Einfach mal auf den Start-Button gehen und dann in das Feld "Ereignis" eingeben. Schon landet man dort.


----------



## Skeilie (3. Oktober 2010)

gibs für das problem keine lösung 

bei mir ist das auch so

mfg


----------



## Belo79 (7. Oktober 2010)

Bei mir leider das gleiche Problem...

habe bereits alles versucht, leider ohne Erfolg.


----------



## Nicklogan (14. Oktober 2010)

Hab das selbe Problem. 

Laut Ereignisprotokoll:


```
Protokollname: Application
Quelle:        Application Hang
Datum:         14.10.2010 19:27:04
Ereignis-ID:   1002
Aufgabenkategorie:(101)
Ebene:         Fehler
Schlüsselwörter:Klassisch
Benutzer:      Nicht zutreffend
Computer:      NAMEGEÄNDERT
Beschreibung:
Programm Program.Blasc3.exe, Version 1.0.0.2 kann nicht mehr unter Windows ausgeführt werden und wurde beendet. 
Überprüfen Sie den Problemverlauf in der Wartungscenter-Systemsteuerung, um nach weiteren Informationen zum Problem zu suchen.
 
Prozess-ID: 138c
 Startzeit: 01cb6bc38e6236e5
 Endzeit: 22
 Anwendungspfad: C:\Users\Benutzer1\AppData\Local\Blasc3\Program.Blasc3.exe
 Berichts-ID: 382a24b4-d7b8-11df-a0c2-a9a2e4db2fd2
```


----------



## ZAM (14. Oktober 2010)

Nicklogan schrieb:


> Programm Program.Blasc3.exe, Version *1.0.0.2* kann nicht mehr unter Windows ausgeführt werden und wurde beendet.
> Überprüfen Sie den Problemverlauf in der Wartungscenter-Systemsteuerung, um nach weiteren Informationen zum Problem zu suchen.



BLASC3 ist bei Version 1.0.0.11 .. mh


----------



## Nicklogan (14. Oktober 2010)

mag ja sein,

allerdings ist die Version die zum Download steht noch die alte 1.0.0.2.

Zum automatischen Download der neuen Version kommt es gar nicht, da sich blasc bereits aufgehangen hat, noch ehe das updaten starten konnte.


----------



## SajaT (17. Oktober 2010)

Bei mir schmiert Blasc3 auch immer ab und dann steht da:

"Dieses Programm erfordert die Komponente "flash.ocx". Diese ist in dieser Windows-Version nicht mehr enthalten."

Ich habe Windows 7 64-bit


----------



## kaepteniglo (17. Oktober 2010)

Ja, hast du denn Flash installiert?


----------



## SajaT (17. Oktober 2010)

ja

hab denn jetzt schon so oft installiert, das reicht für 20 Rechner


----------



## Gestar (25. Oktober 2010)

Hab das gleiche Problem.



Alte Version deinstalliert, da diese nicht mehr funktioniert.

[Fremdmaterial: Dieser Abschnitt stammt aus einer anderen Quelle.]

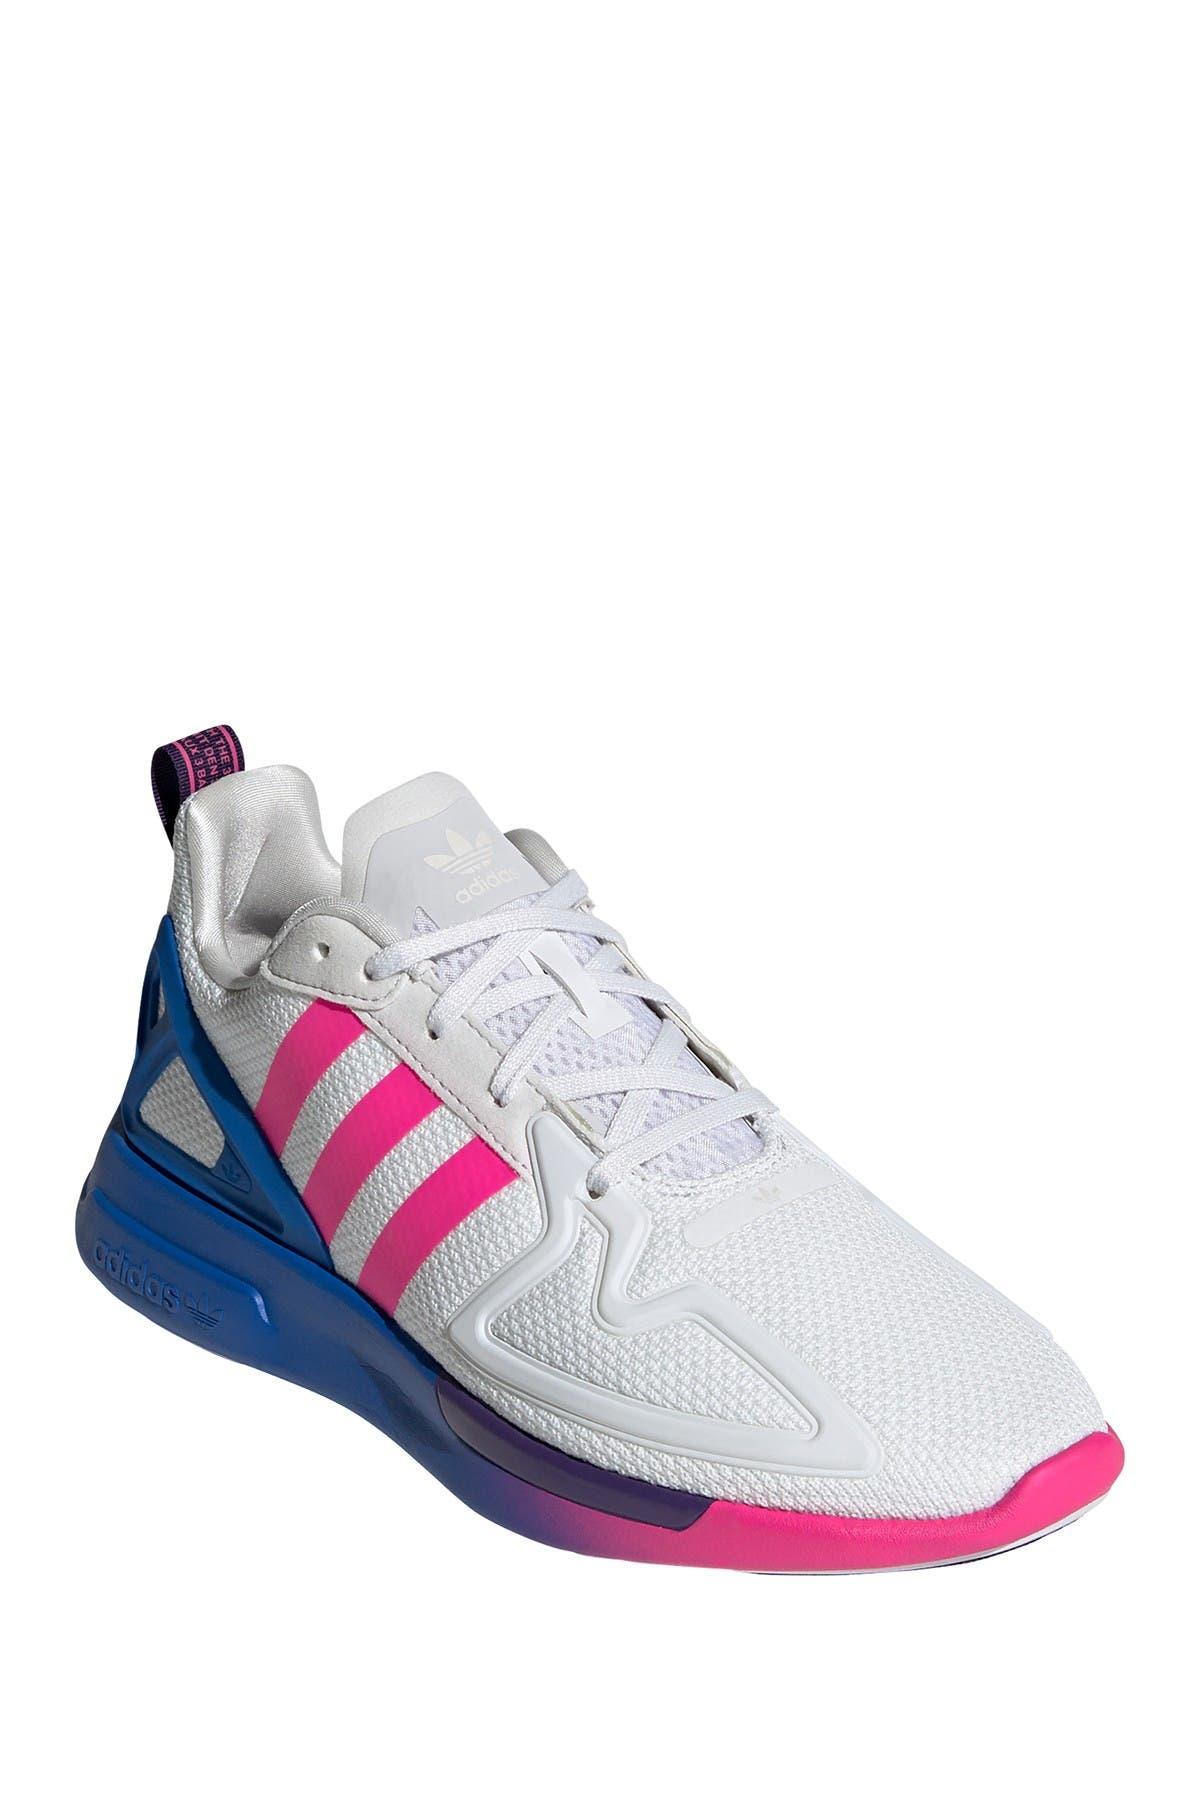 Image of adidas ZX 2K Flux W Sneaker

Die neue Version : 1.0.0.12 (15.10.2010) runtergeladen und installiert


Fehlermeldung laut Eventlog Program.Blasc3.exe, Version 1.0.0.2 kann nicht mehr unter Windows ausgeführt werden und wurde beendet. 
Überprüfen Sie den Problemverlauf in der Wartungscenter-Systemsteuerung, um nach weiteren Informationen zum Problem zu suchen.


lol, gibts da auch mal ein Setup oder geht man immer davon aus, das sich das Programm ein Udate zieht. Würde es ja gerne verwenden aber zur Zeit muss dann halt der Curse Client ran, da der wenigsten funktioniert


----------



## Shallowain (26. Oktober 2010)

Für alle die das Problem mit der fehlenden flash.ocx haben könte folgendes weiterhelfen:

Die Datei flash.ocx existiert nicht mehr umter Win7-64bit, die heisst jetzt flash10.ocx (je nach installierter Flashversion), geht in euer WindoofVerzeichnis und sucht unter system64 das macromedia-verzeichnis, dort dann eine Kopie von flash.ocx per Drag&Drop machen un die Kopie dann in flash.ocx umbenennen. Hat bereits bei einigen geholfen, leider funzt es aber nicht immer. Das hängt anscheinend mit der jeweiligen Browserversion und der installierten Flashversion zusammen. Einfach mal ausprobieren.


----------



## ZAM (26. Oktober 2010)

Shallowain schrieb:


> Für alle die das Problem mit der fehlenden flash.ocx haben könte folgendes weiterhelfen:
> 
> Die Datei flash.ocx existiert nicht mehr umter Win7-64bit, die heisst jetzt flash10.ocx (je nach installierter Flashversion), geht in euer WindoofVerzeichnis und sucht unter system64 das macromedia-verzeichnis, dort dann eine Kopie von flash.ocx per Drag&Drop machen un die Kopie dann in flash.ocx umbenennen. Hat bereits bei einigen geholfen, leider funzt es aber nicht immer. Das hängt anscheinend mit der jeweiligen Browserversion und der installierten Flashversion zusammen. Einfach mal ausprobieren.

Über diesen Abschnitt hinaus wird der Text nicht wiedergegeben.